I sobbed, batted his comforting hand away.
“No,” I snapped. “You wanted it, well…here it is, asshole.”
I tried to quit, to stop talking, but like Errol opening the floodgates of music and his own pain, once mine was a trickle, it became a torrent.
“Mom was busy with work, with Lexie and Charlie. Charlie was a dancer and Lexie took music lessons, and Mom’s time was devoted to them, their lessons, their lives. She had a little she-shed built out back for me, and bought me all the paints and brushes and canvasses I wanted, and left me alone. I didn’t get lessons. I taught myself. I didn’t have friends, I didn’t go to summer camp or to the mall. I painted. Charlie had boyfriends and Lexie was…well, problematic, especially later on, but that’s a different story and one I’m not sure I have all of. Torie was…just Torie. Reclusive. Interior. And I had no one. Dad died and we all turned inward. Mom especially. She lost her husband and a significant portion of income, and had to figure out life and figure out how to take care of five girls, so I guess I don’t really blame her, but…I guess maybe I do blame her even though I intellectually understand. It’s Dad I’m angry at. He had a stroke or a heart attack or something. Just…gone. Bam, alive one day, gone the next. And I think he didn’t care, he knew he was unhealthy. We had family meetings about healthy choices so we could all help Dad. But he wouldn’t help himself. Didn’t care. Kept hitting fast-food drive-thru’s and bringing home donuts and drinking all the time. And I’ll never know what his issue was. What was his pain, Errol? What demons was he fighting? What could have been eating him up so bad that Mom and the five of us girls weren’t enough love for him?”

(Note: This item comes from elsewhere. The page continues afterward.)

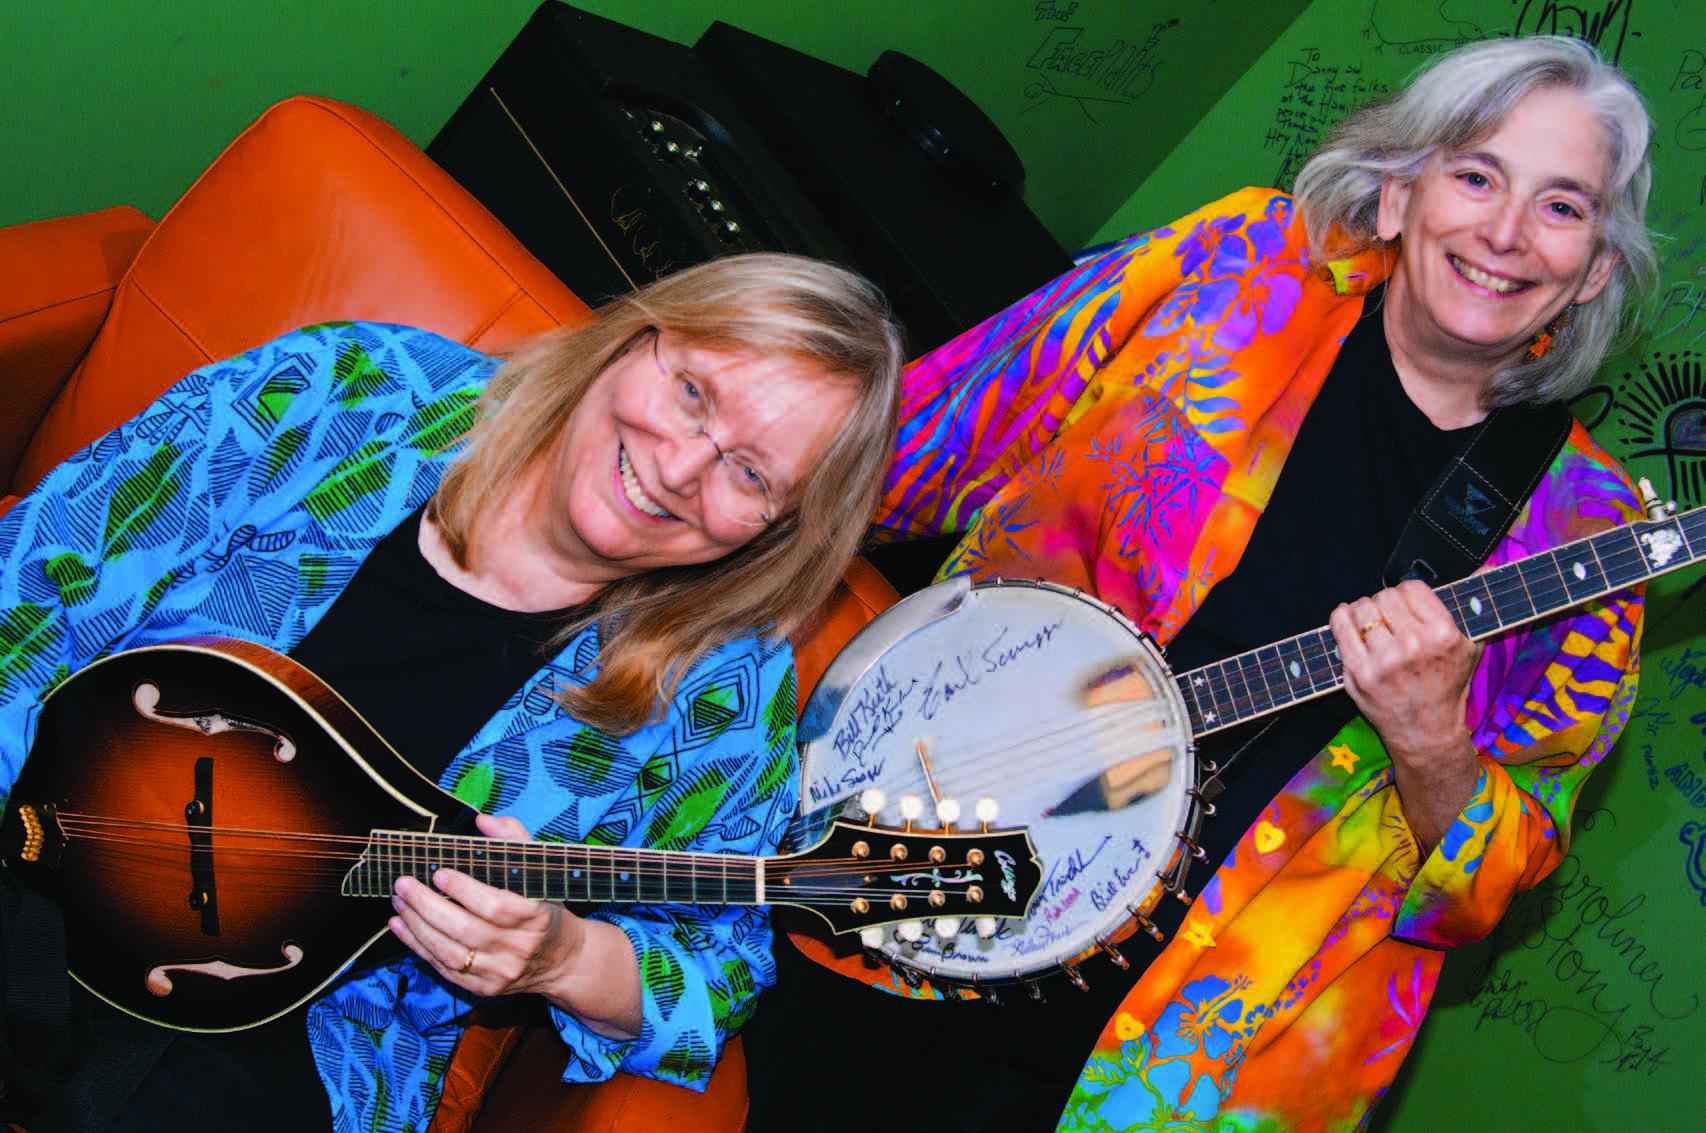 2X GRAMMY® Award winner Cathy Fink & Marcy Marxer

I had to stand up to bear up under the burden of it, the weight of everything I’d been burying and ignoring and suppressing and running from. I bent at the waist, arms around my middle, as if to hold my guts in, as if they’d spill out with my words.

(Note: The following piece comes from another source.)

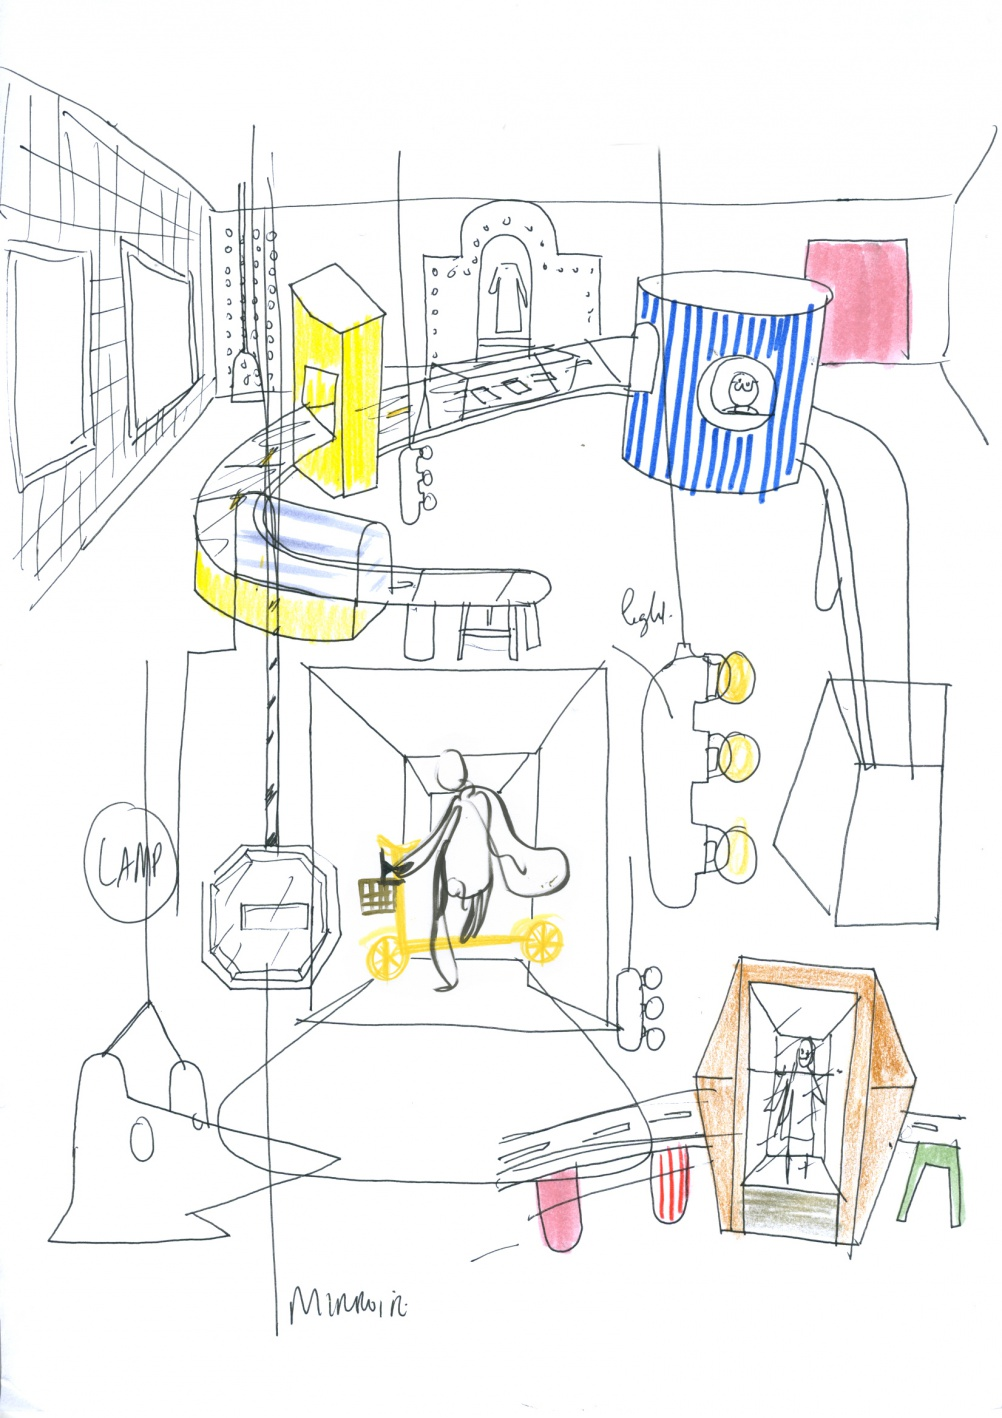 Urban Perspectives sketch by Jaime Hayon

“Why wasn’t I enough? How did I go from his baby girl to fucking…nothing? Not enough to be worth living for? Why didn’t Momseeme? Didn’t she see that I needed her? I’ve never been enough. Or too much. I want attention, Errol. Everything is about that. I know that. Acting out, the men I’ve dated.” I snorted. “Dated. Kind of a strong word for it. They give me attention, but it’s never enough. And then they either leave or want what I don’t know how to give. And I run.”